Fifty Shades Darker begins not to much longer after the conclusion of the first film. Anastasia Steele (Dakota Johnson) is working a new job with a publishing company when the ever mysterious Christian Grey (Jamie Dornan) reappears in her life. In a movie with a storyline where there is drama to found, the film never explores the deeper meaning of the shadowy past of Mr. Grey. From the get go when he is introduced back into Anastasia’s life, they have a conflict, quickly resolve it and promptly proceed to the bedroom. There is a sappy, romantic apology and any conflict is buried with in a matter of minutes throughout the course of this film. It leaves much to be desired in terms of plot, because there virtually isn’t one. In the end, we are watching a couple trying to have a normal relationship. The problem with that? It ultimately doesn’t make a compelling film.
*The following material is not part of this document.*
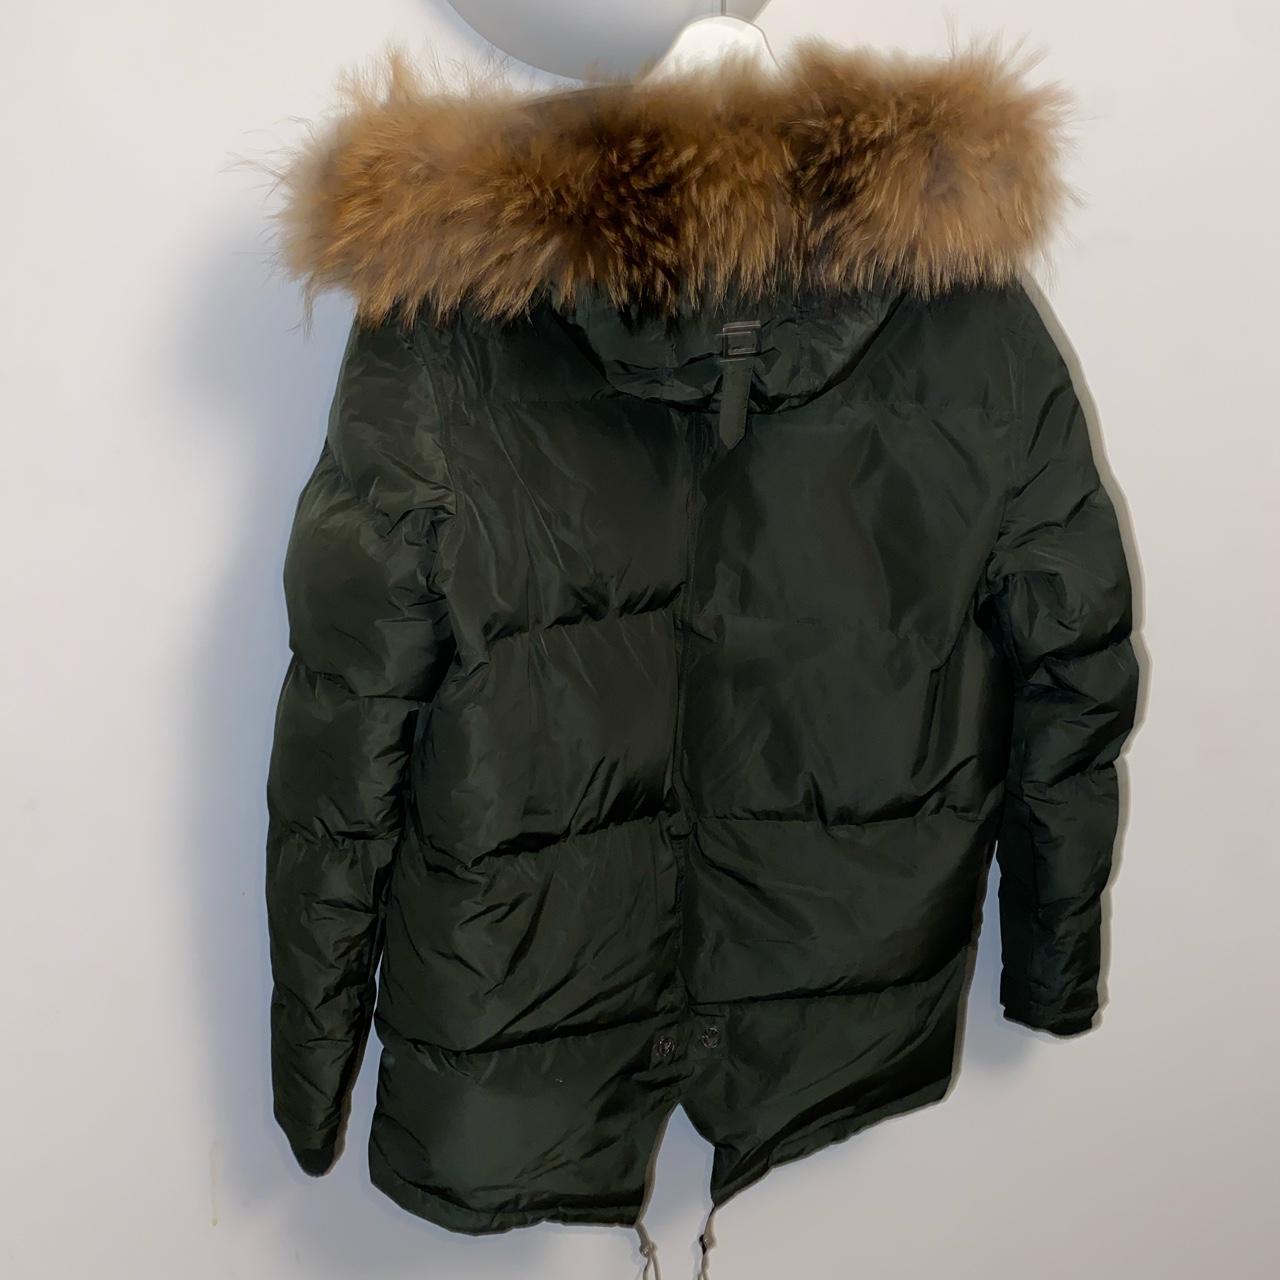 Benjart Real fur parka jacket Worn once Size XL... - Depop
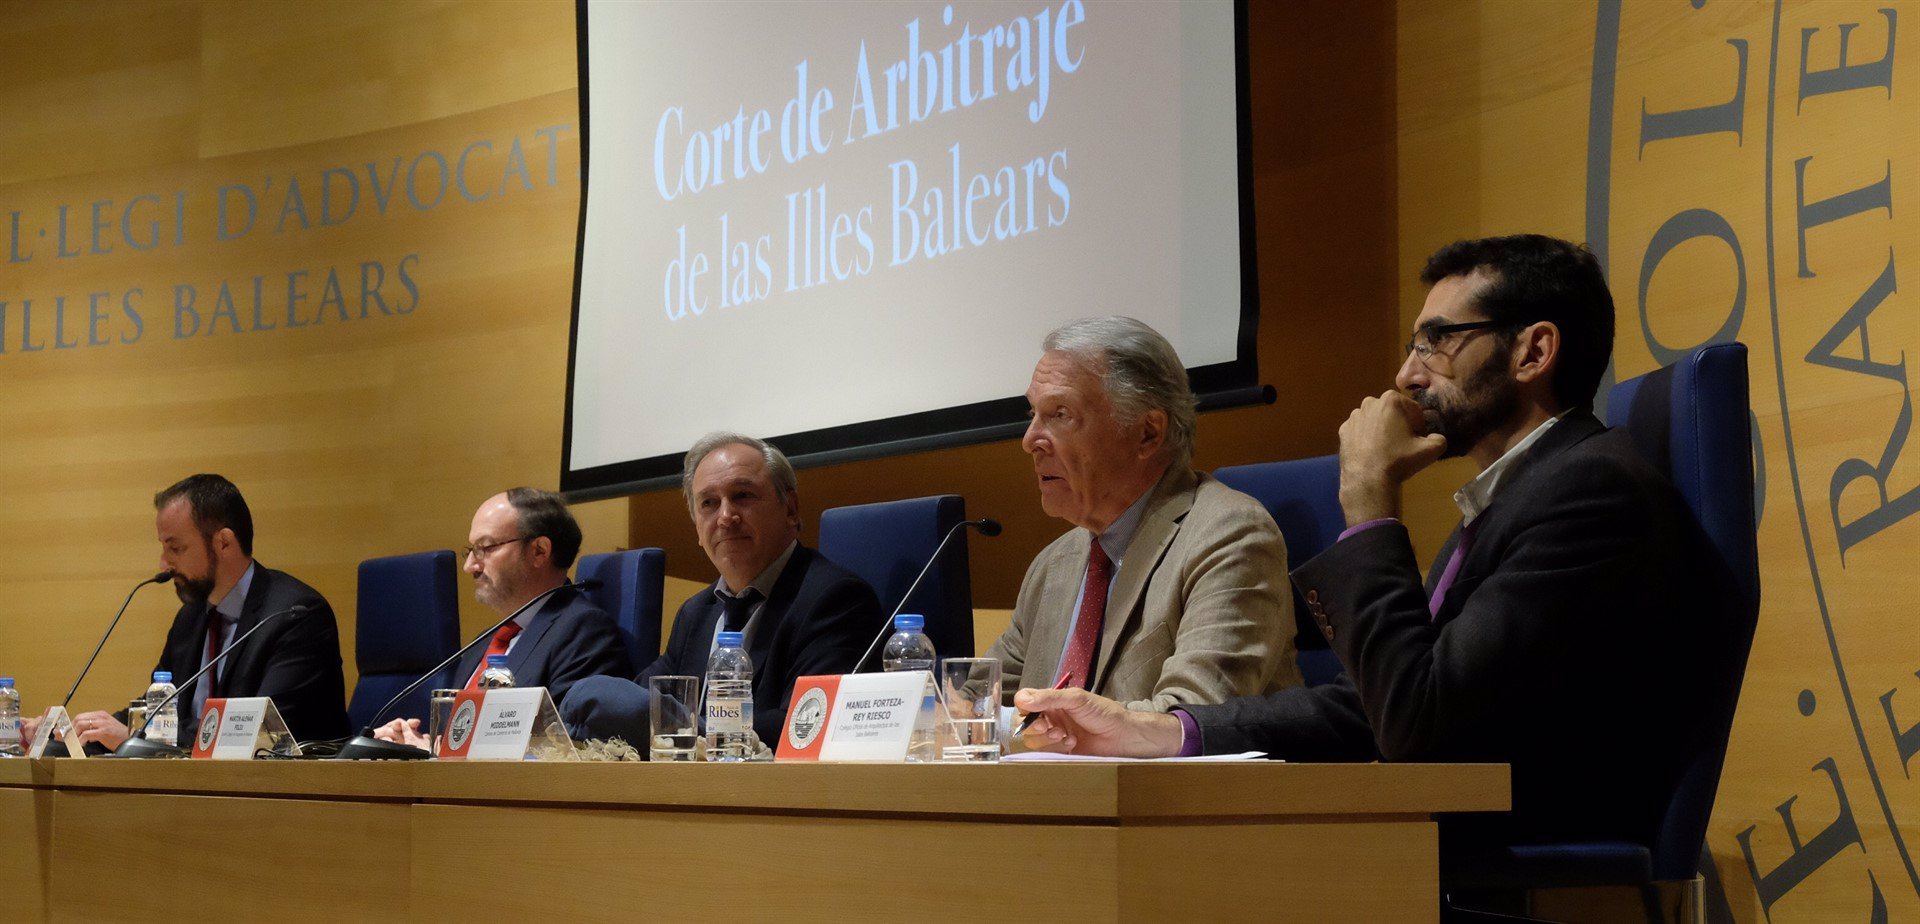 Nace la Corte de Arbitraje de Baleares como alternativa extrajudicial para solucionar conflictos

Perhaps where the problem lies is within the source material and not so much with Leonard who has also penned the follow up to this one. Anyone who did not read the books or have interest in the subject matter, are given no reason to care about these characters. I can’t really blame someone like Dakota Johnson who has been good in other films. She is given absolutely no interesting character traits. Neither is Dornan, but he is wooden and doesn’t quite know how to deliver his lines in a way that doesn’t come off as dopey. But acting aside, there is a lot of depth to be explored with these characters, but the filmmakers take the simple road. Anastasia wants a “vanilla” relationship with Christian, and that is basically what you get.

Fifty Shades Darker doesn’t live up to its name even. If anything, it is lighter in tone than its predecessor. The film doesn’t answer any questions worth answering nor does it delve deeper into a darker atmosphere. As it unwinds it becomes more and more clear we are actually watching a soap opera. There are scenes of unintentional hilarity in parts of the film which makes not a complete waste of two hours. Fifty Shades Darker is absurdly melodramatic and overly serious. But I digress, this movie will make a bunch of money at the box office, and come this time next year, I’ll be in the same spot as I am now. However at least then it will be over.